* **What you need to do**: Transcribe all the lines below exactly. Omit the pictures.

* **Information supplied**:
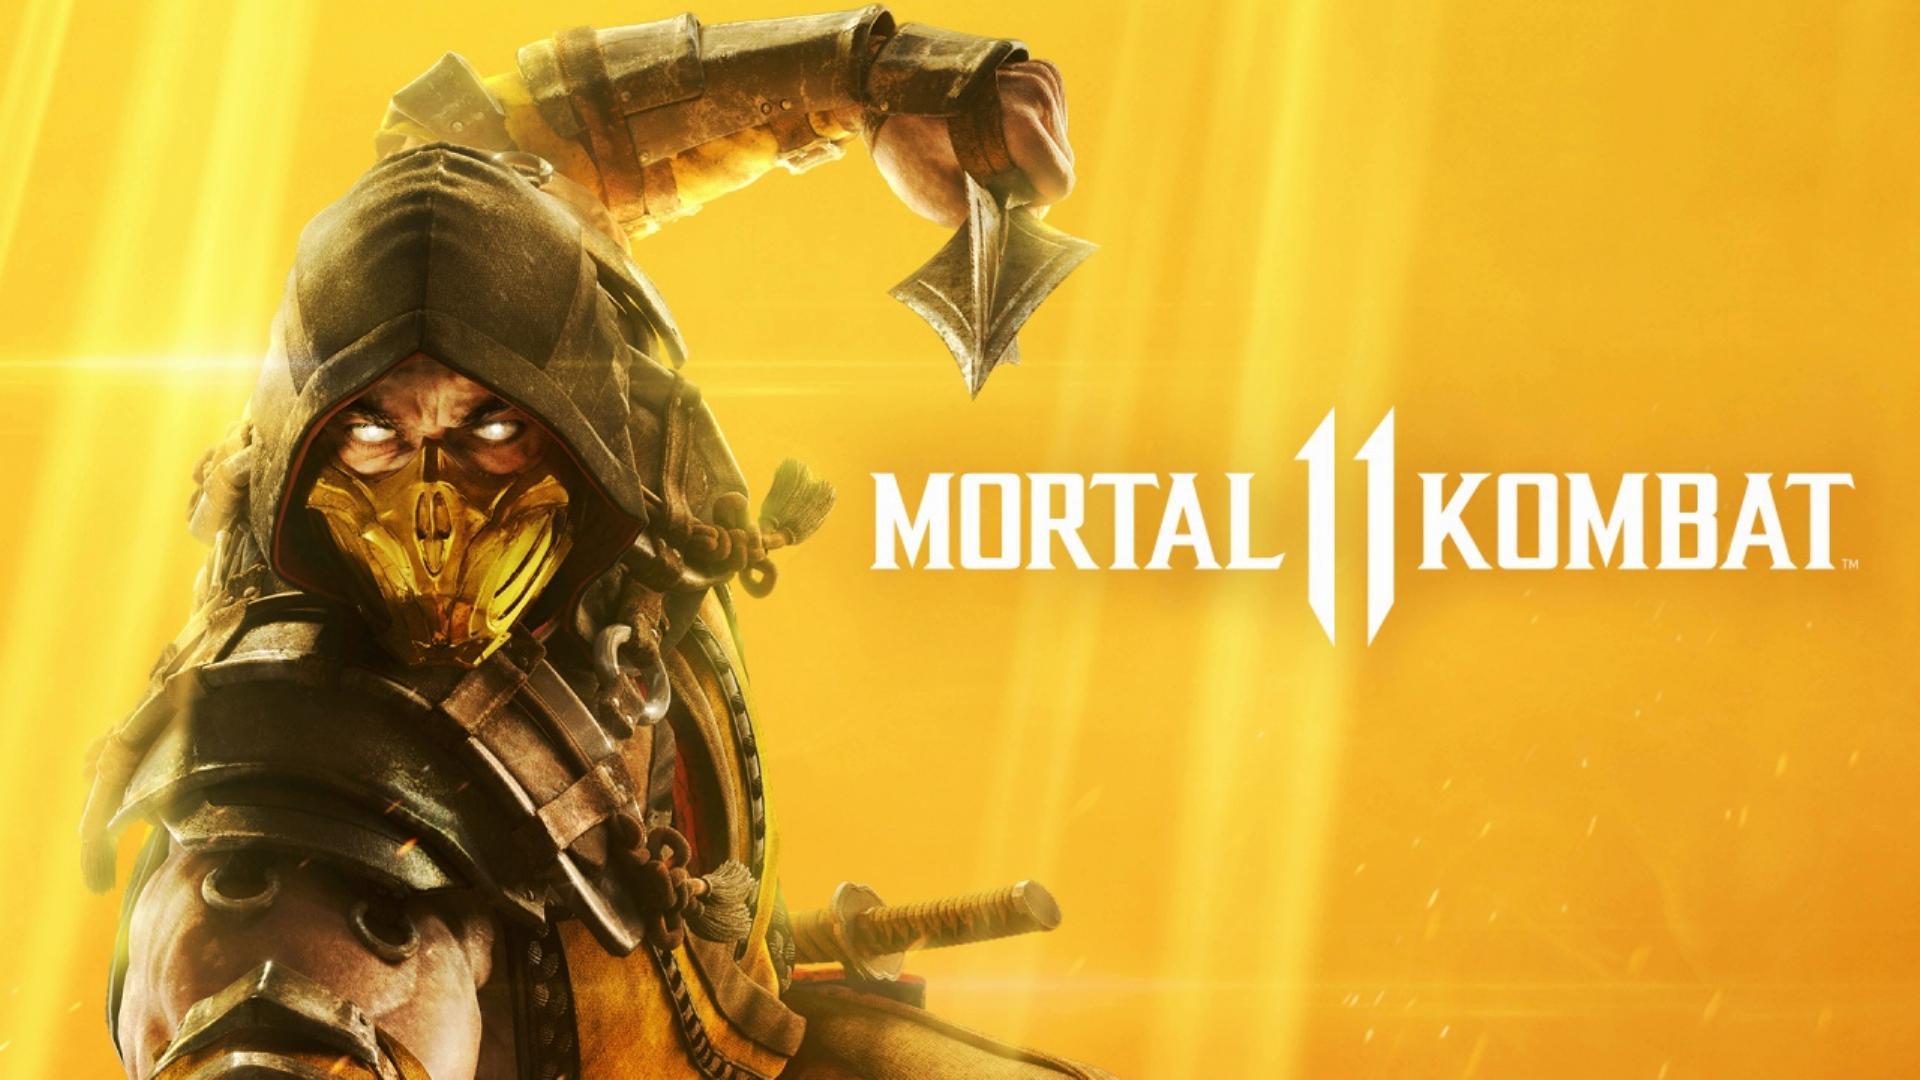 mortal kombat 11 wallpaper raiden
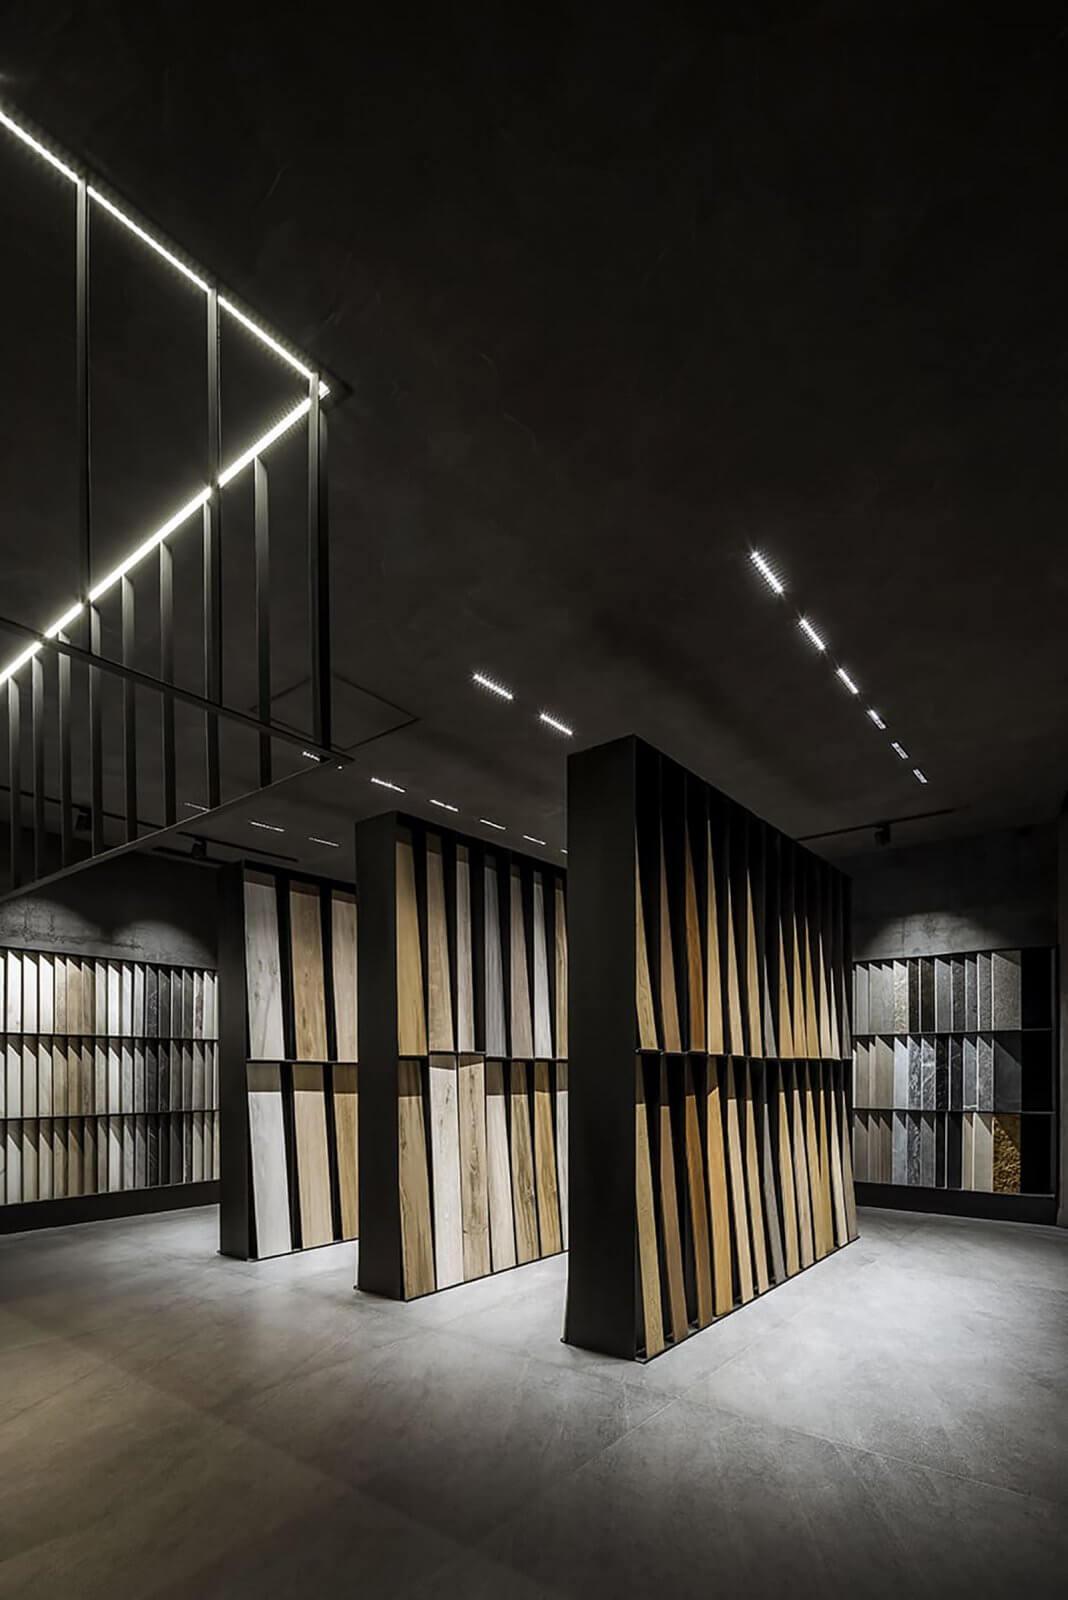 Museo ARCA  - 14.1 Cesar Bejar GrupoARCA GDL 014 69
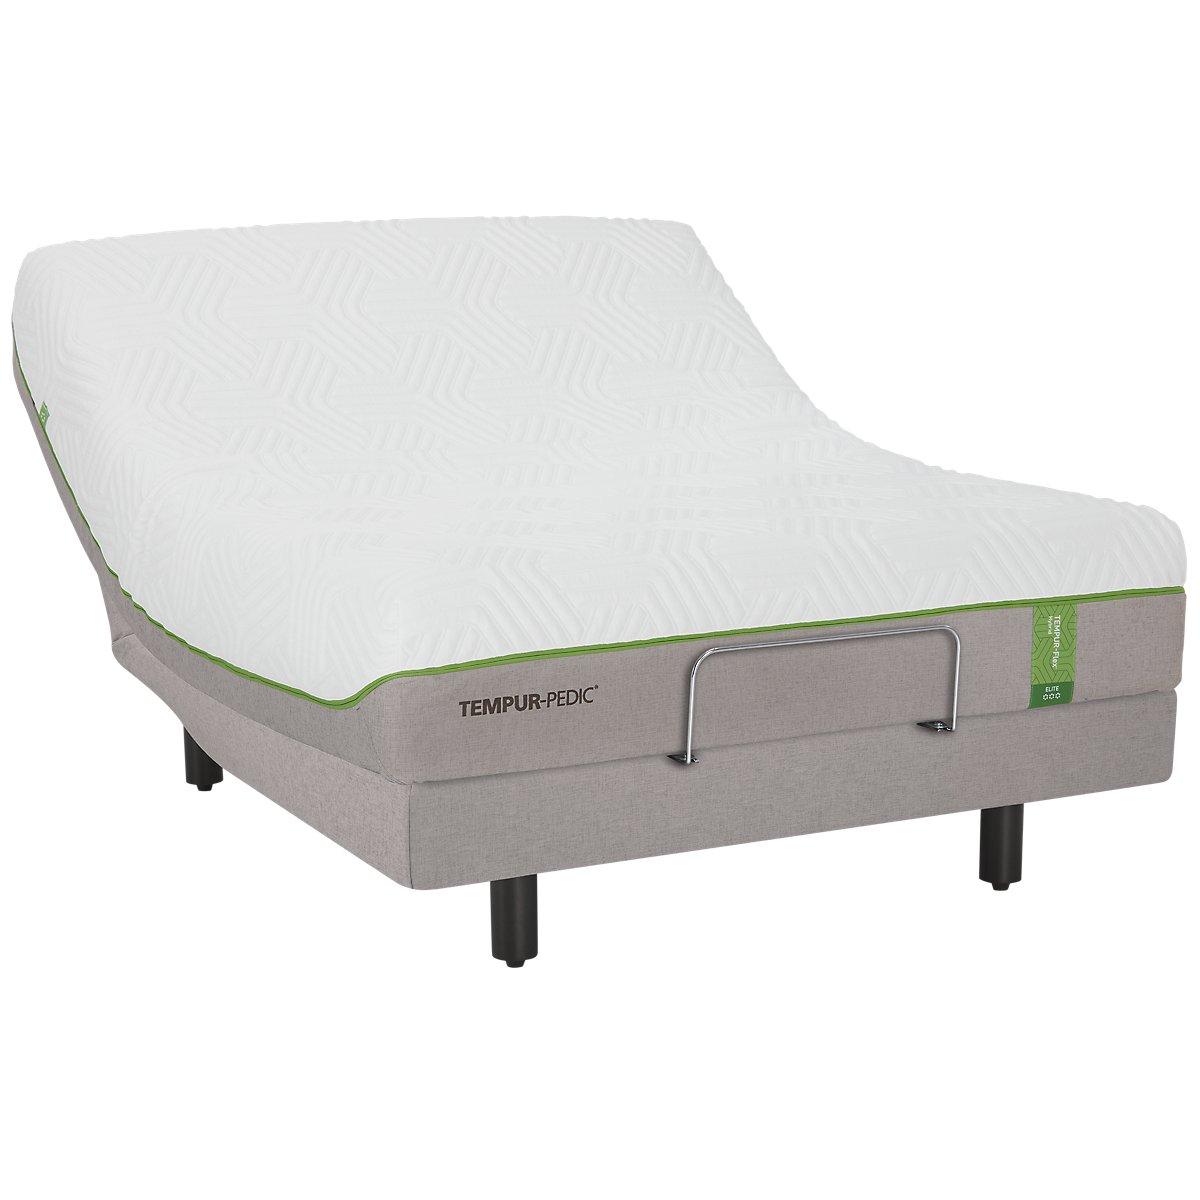 City furniture tempur flex elite mattress for Furniture mattress city
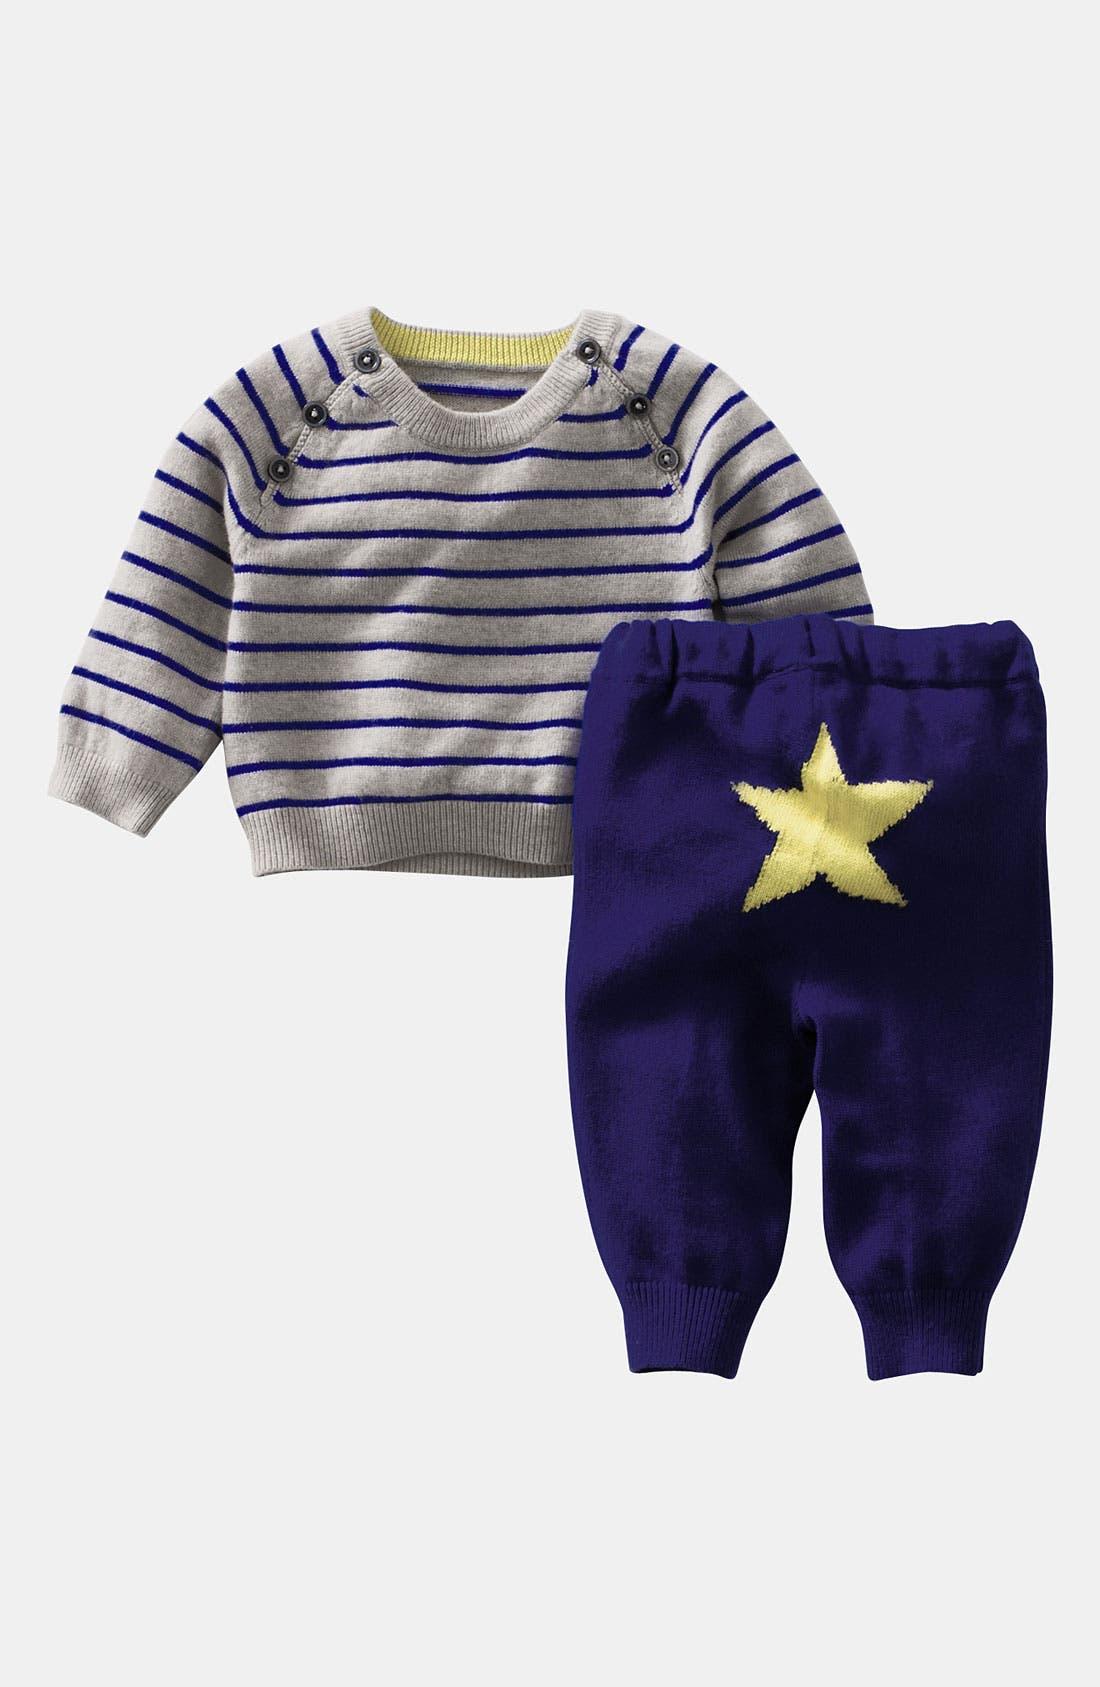 Alternate Image 1 Selected - Mini Boden Knit Sweater & Pants (Infants)

* **Completed task**:
 mortal kombat 11 wallpaper raiden
 Museo ARCA  - 14.1 Cesar Bejar GrupoARCA GDL 014 69
 City furniture tempur flex elite mattress for Furniture mattress city
 Alternate Image 1 Selected - Mini Boden Knit Sweater & Pants (Infants)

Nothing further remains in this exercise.